Autor: Erick Lucero Tapia
El gato es un animal netamente territorial, si bien es posible su socialización
con diferentes especies incluyendo la suya, esta no es obligada. Más
aún que en el perro, animal reconocidamente social, la naturaleza y calidad
de los contactos con los demás y el carácter de ansiedad o calma
de la madre felina durante la gestación van a influir sobre la capacidad
de adaptación y, por tanto, sobre la frecuencia y gravedad de las reacciones
de ansiedad en el gato, cuya causa más frecuente se basa principalmente
en alteraciones en su entorno, tomando un segundo lugar la relación con
otros individuos.
El término ansiedad en medicina veterinaria se puede definir como un
estado en el cual aumenta la probabilidad de obtener reacciones emocionales
análogas al miedo en respuesta a cualquier variación del medio
interior o exterior. Existe, en consecuencia una desorganización de los
autocontroles y una pérdida de las capacidades de adaptación a
cualquier variación del medio.
Manifestaciones de ansiedad
Orgánicas
La taquicardia y la taquipnea son menos frecuentes en el gato que en el perro.
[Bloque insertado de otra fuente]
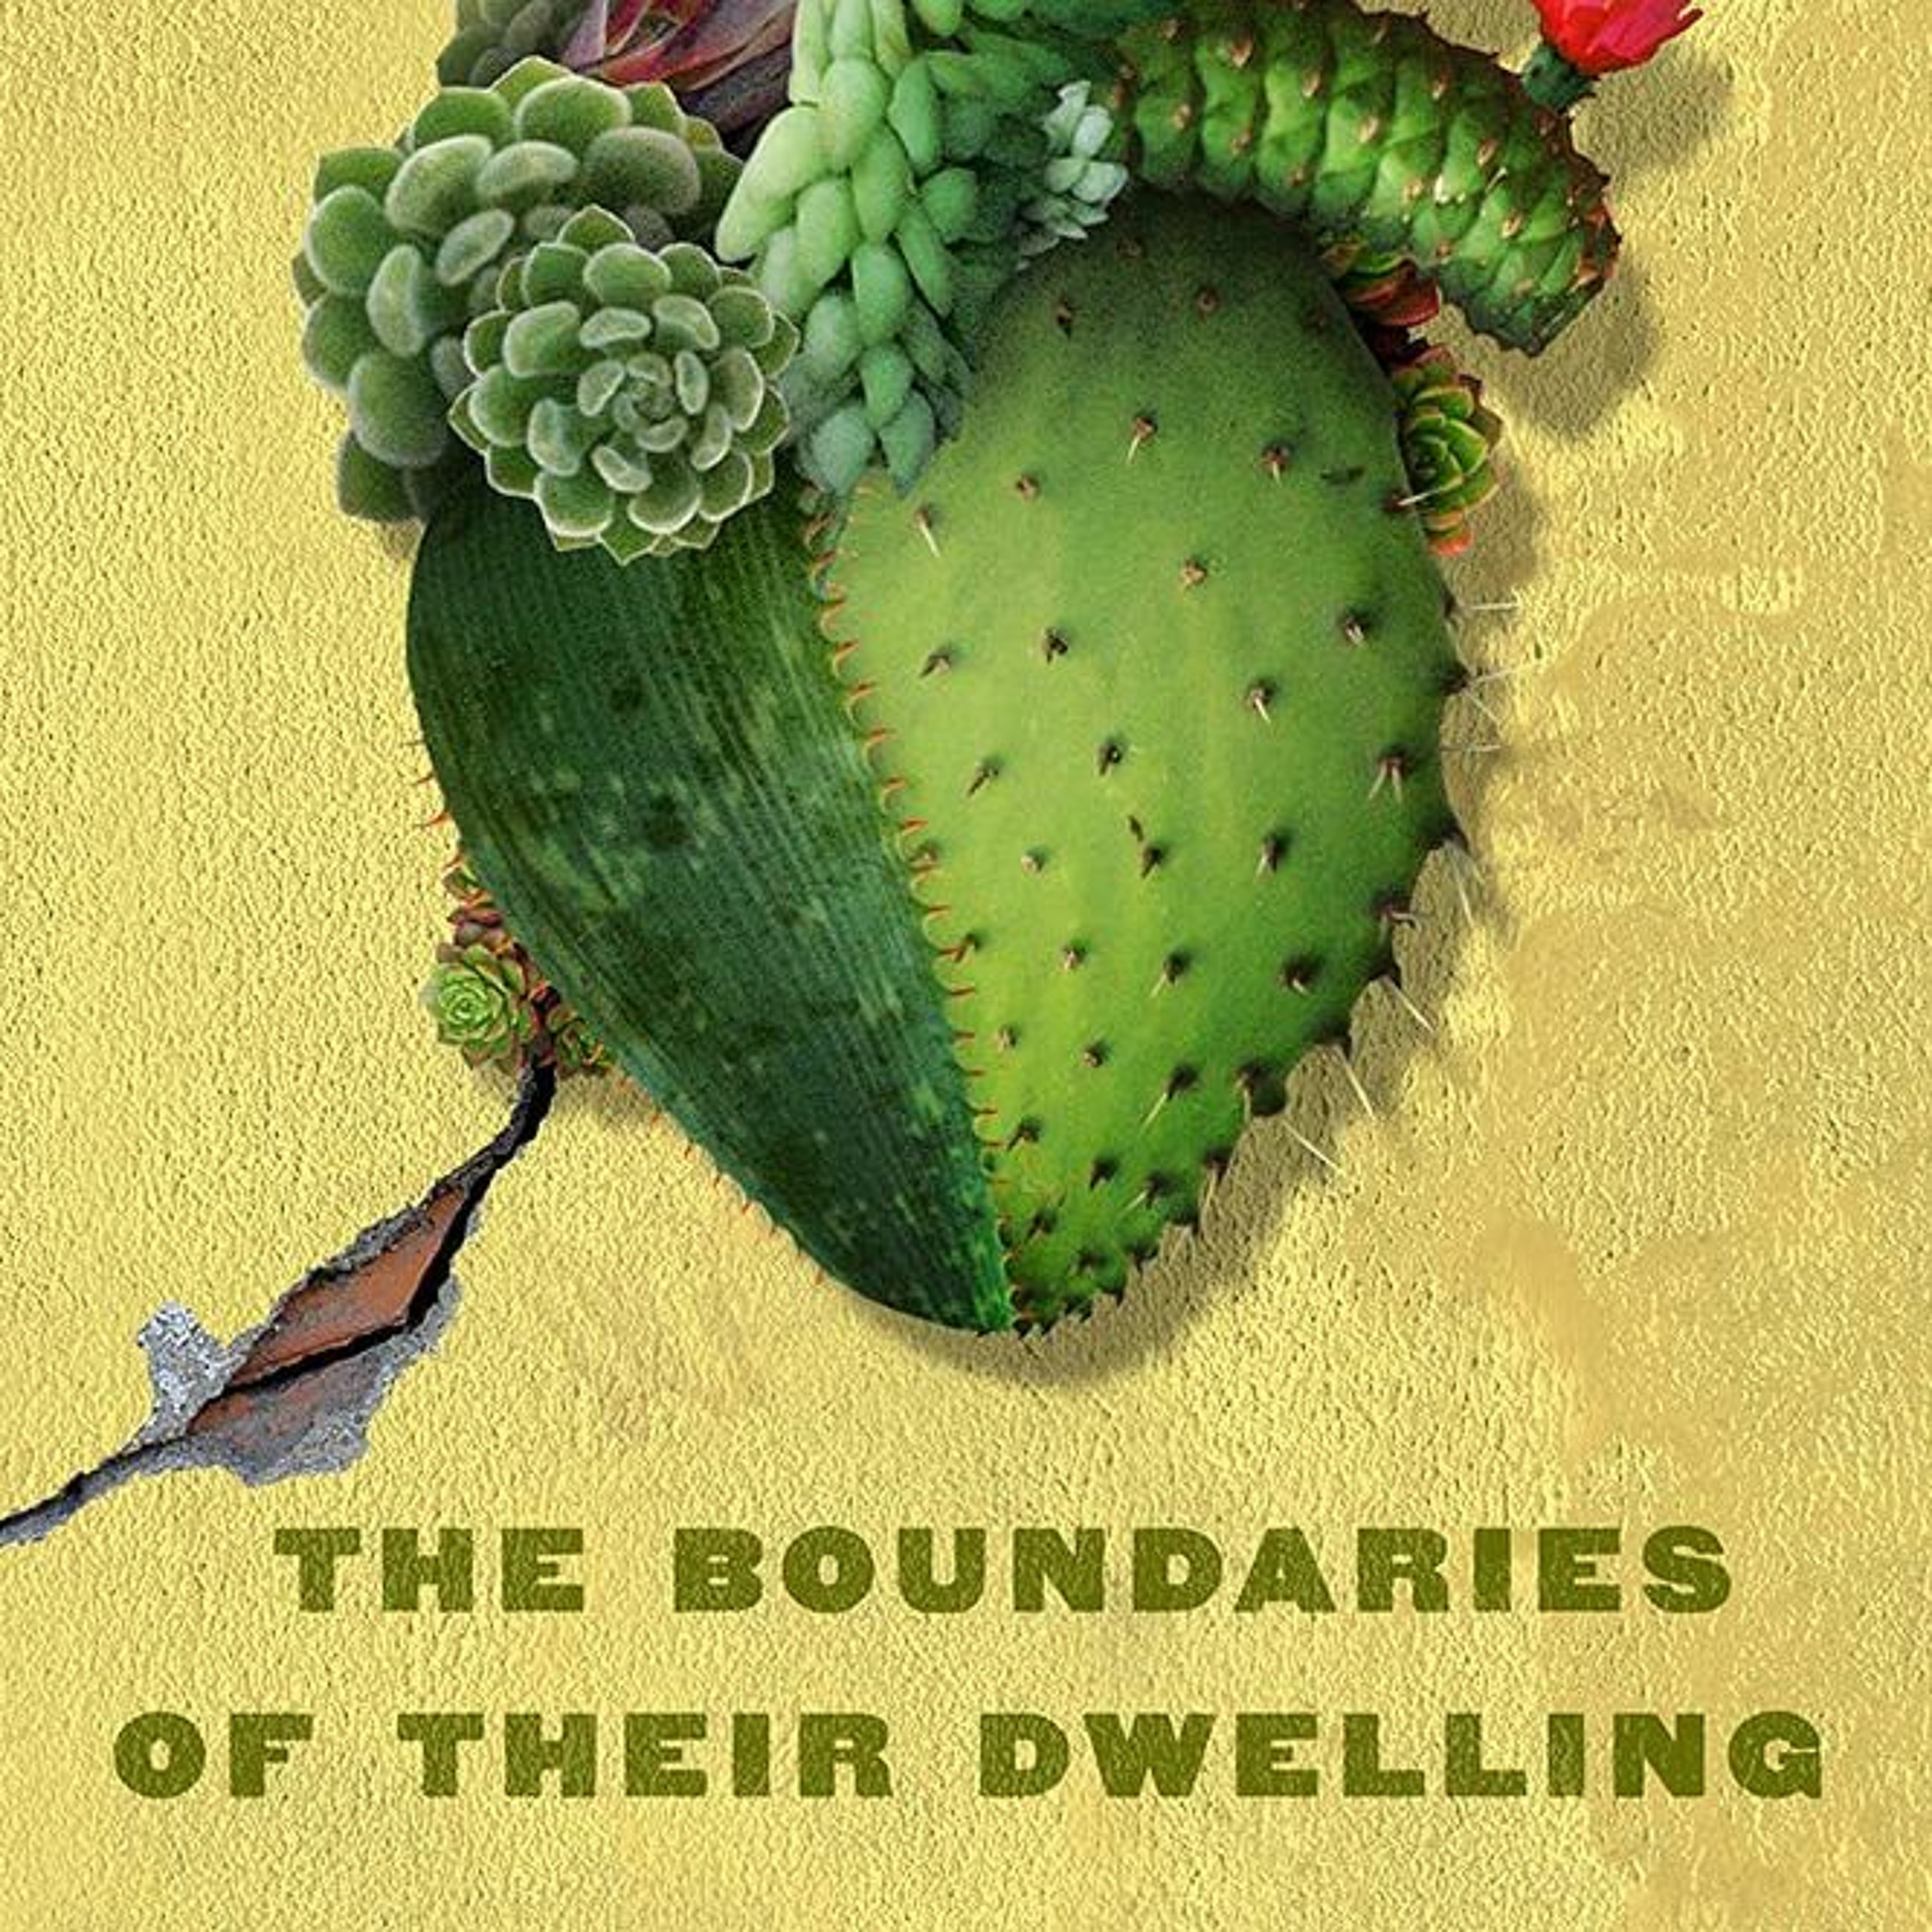 The Boundaries of Their Dwelling by Blake Sanz

Sin embargo es posible observarla en nuestra consulta o recoger datos de dueños de gatos sobre la aparición de esta manifestación en situaciones altamente estresantes.En casos crónicos de manifestaciones de ansiedad, uno de los síntomas más observados es la aparición de heces blandas y signos de colitis, en muchas ocasiones sin respuesta al tratamiento sintomático.El sudor a través de los cojinetes plantares junto con midriasis es un buen indicador de la intensidad y tipo de ansiedad que el gato presenta en la consulta. Así, tenemos que se correlaciona un aumento en el sudor y midriasis con una baja probabilidad de agresión por miedo durante el examen. Por otro lado, la presencia de miosis y cojinetes secos nos puede indicar una posible reacción agresiva debiendo tener prudencia durante el manejo.